Perry was in sore need of a new image as he soaked up cheers on that blustery day from the 1,000 or so Anglos who’d turned out, bearing signs like Honk If I’m Paying Your Mortgage. He was already the longest-serving governor in state history, having taken the reins from George W. Bush in December 2000. But Perry’s business-first, Christian right–second brand of politics was starting to wear thin. The state’s population was booming, and the new folks weren’t the same old rural and suburban conservatives Republicans had been winning with since the early 1990s. And there was a more immediate problem: Senator Kay Bailey Hutchison, long considered the state’s most popular politician, was set to challenge Perry in the 2010 GOP primary for governor, and she was leading in some polls by more than twenty points. The governor needed some mojo. He found it at the Tea Party.

"I gotta say it gives me that thrill up my leg when I see all these people standing out here," the governor shouted in his best rural drawl, "with liberty in their hearts and independence on their minds. Plenty of patriots in this crowd today!"

Referring to the mainstream media (not to mention the Department of Homeland Security) calling elements of the Tea Party "extremists," Perry told the crowd, "I’m just not sure you’re a bunch of right-wing extremists. But if you are, I’m with ya! ‘Cause you are a true patriot today in this country." Perry was bellowing now. "I’m talkin’ about states’ rights! States’ rights! States’ rights!"
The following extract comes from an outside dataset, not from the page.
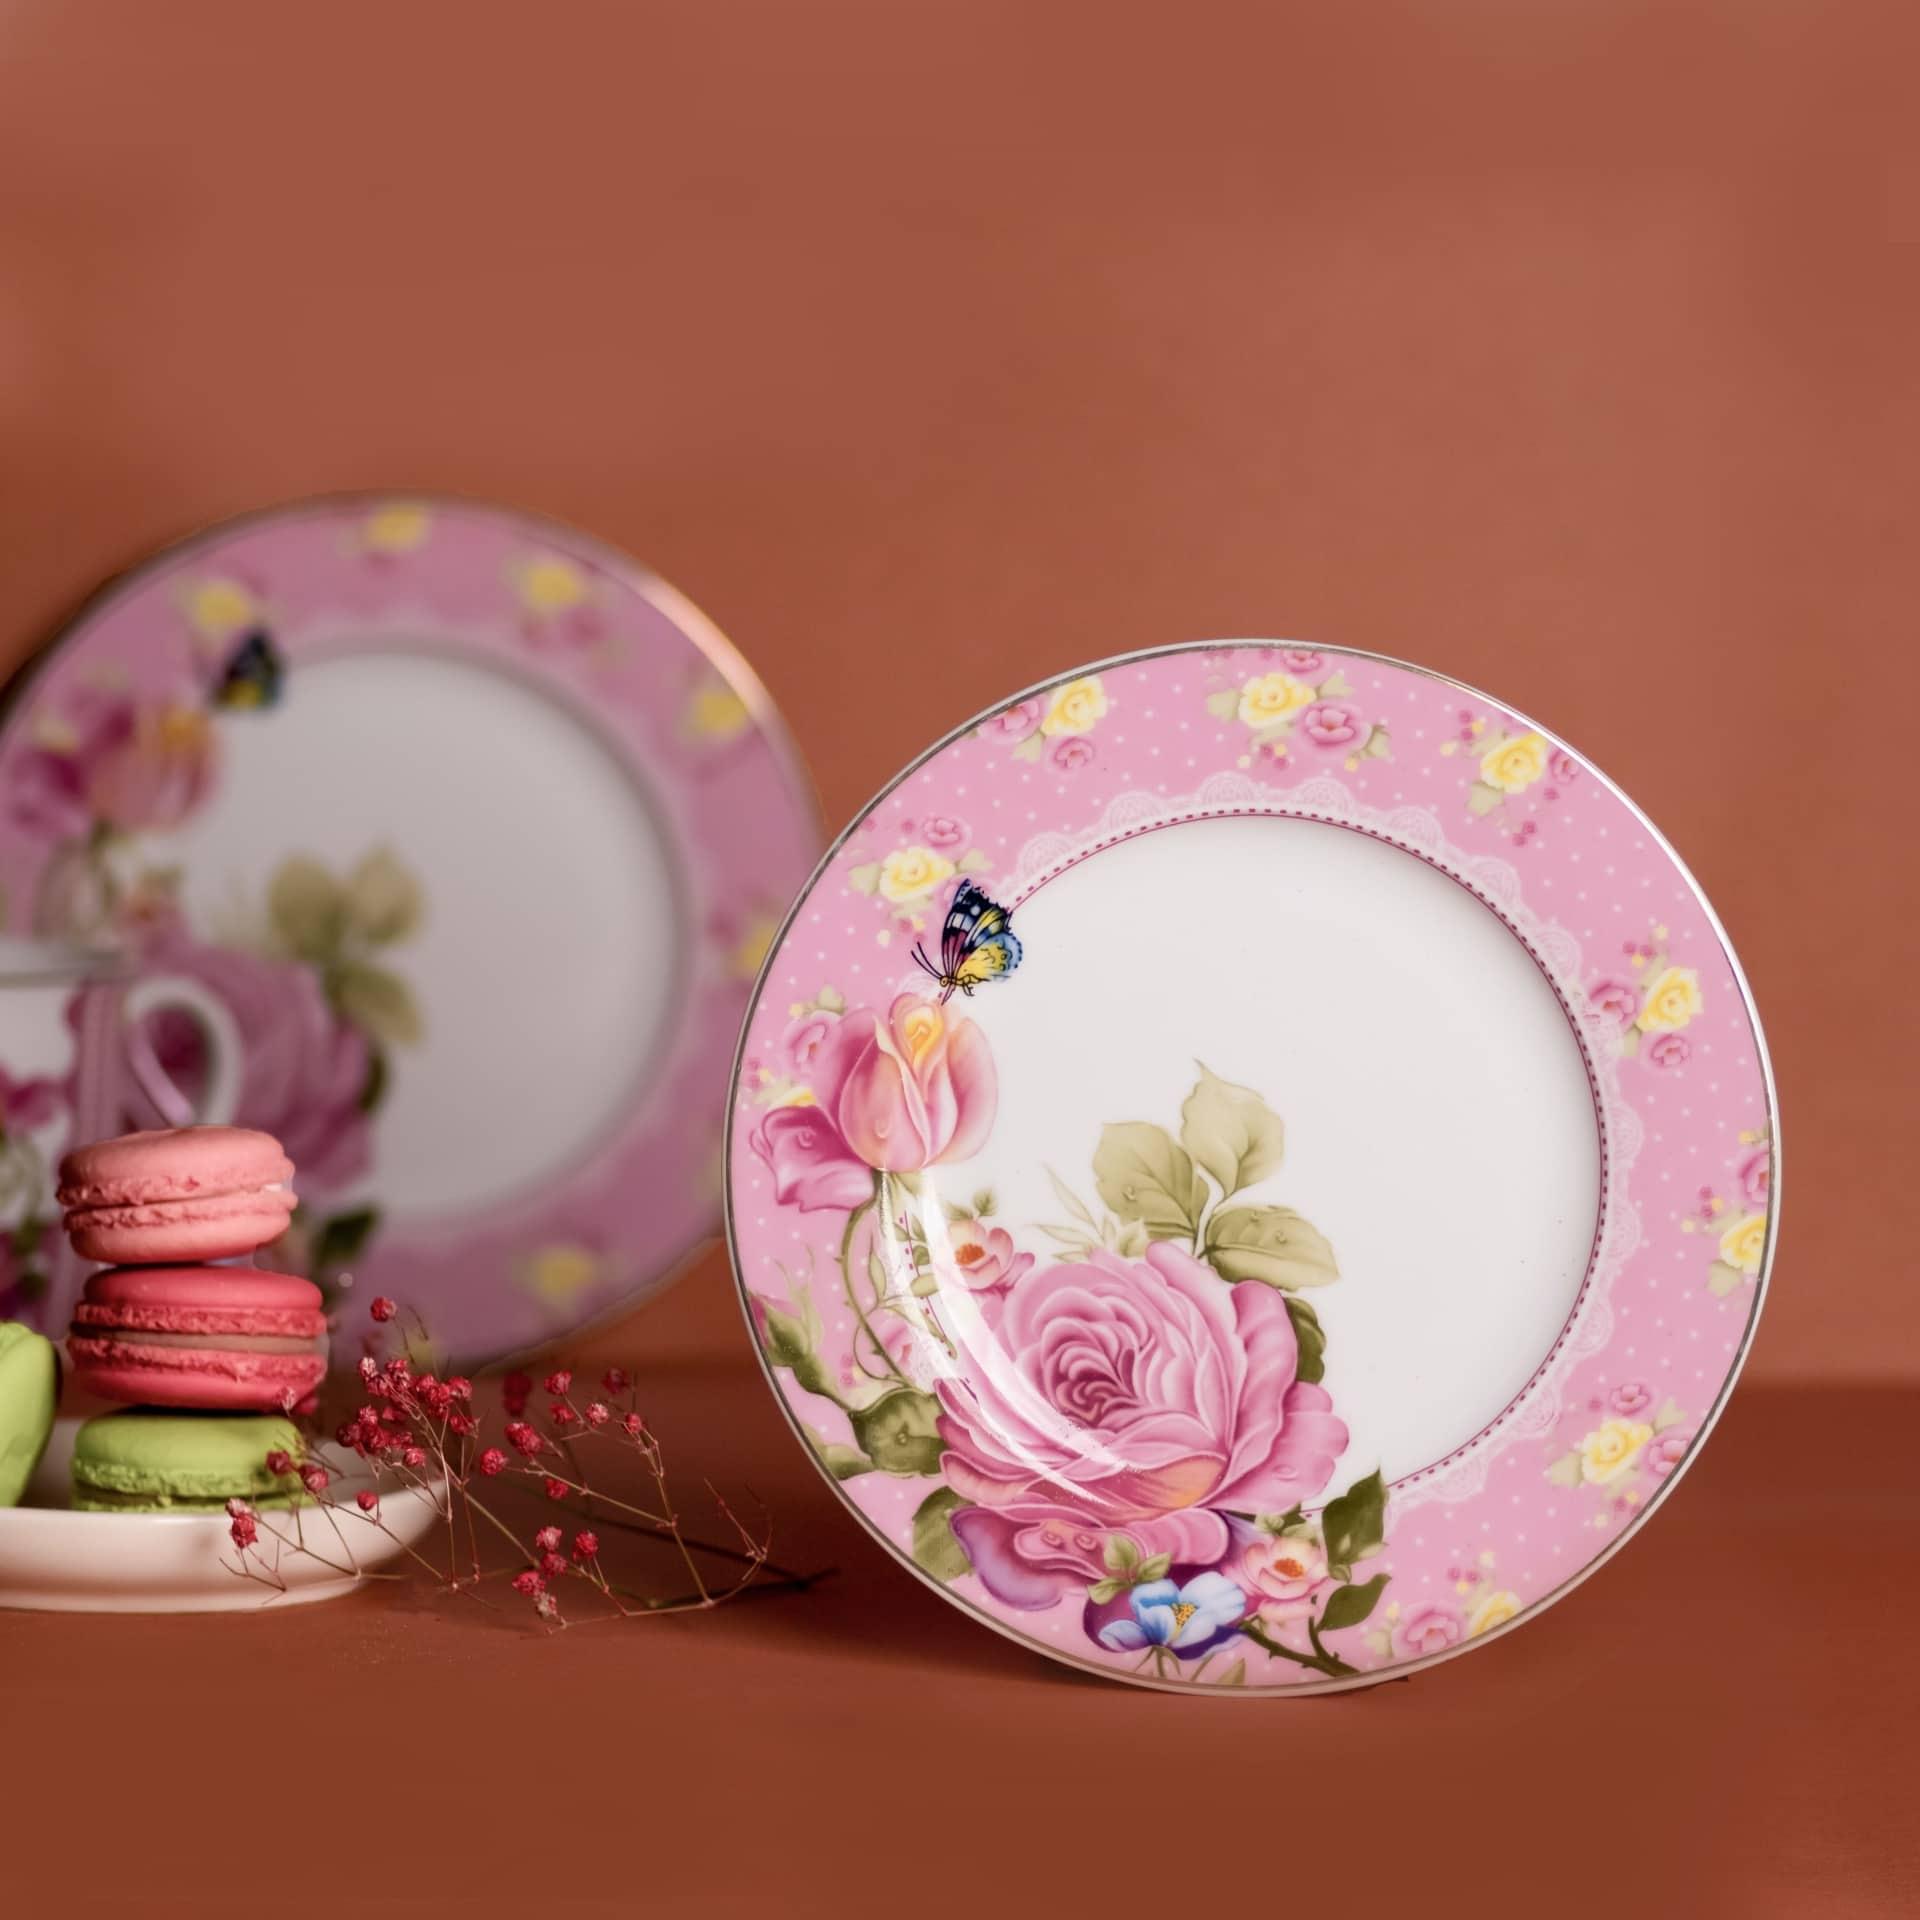 Viola Paeonia Porcelain Dessert Plate

The patriots were all ablaze, one of them yelling over and over in a hoarse voice, "Secede Now!" Perry didn’t answer back in kind, exactly, but he did rail about how the federal government had been rolling back states’ rights practically since the Constitution was signed, and how Texans were not going to allow their liberties to be trampled by the federal government. Call it "flirting with secession," if you will. The national media certainly did. By the end of the day, Perry was riding the new Tea Party wave straight onto Fox and MSNBC, and back into the hearts of right-wing Texans who’d grown weary of his act.

One year later, after Perry had easily dispatched Hutchison and a strong grassroots Tea Party candidate, Debra Medina, his comeback was complete, his national profile higher than ever. On the first anniversary of the Tea Party’s breakout, Perry landed on the cover of Newsweek, prominently displaying the steel plaque on his boot reading, Come and Take It.

"If he’s good for Texas," Newsweek opined, "why not America? Could Perry be the second coming of Ronald Reagan, the plain-spoken man from the West who presided over a new ‘Morning in America’ by cutting taxes, reducing government (well, promising to), and standing tall against the nation’s enemies?"

Perry had taken up the anti-Washington torch and run with it, crisscrossing the country and writing op-eds for the Wall Street Journal decrying healthcare reform and stimulus spending, and telling everybody about Texas’s miraculous economy. Paul Burka, senior executive editor of Texas Monthly, repeated Perry’s story well: "that by following conservative fiscal policies, Texas has been able to survive the recession in better shape than most, if not all, other states. Low taxes, low spending, constitutionally mandated balanced budgets, saving for a rainy day, and business-friendly regulatory policies have made Texas the top state in job creation year after year. Perry can say to residents of the other states: Do what Texas did and you can enjoy economic growth too. It is a strong message in a recession."

As he honed that message, Perry began to contrast his rhetorical enemy—Obama’s Washington—more and more sharply with his great solution to all that ails the country: be more like Texas. As Sarah Palin told folks in the Houston suburbs at a Perry rally in February, "You have a clear choice. What’s it going to be: the way they operate in DC or the way y’all get things done in Texas?"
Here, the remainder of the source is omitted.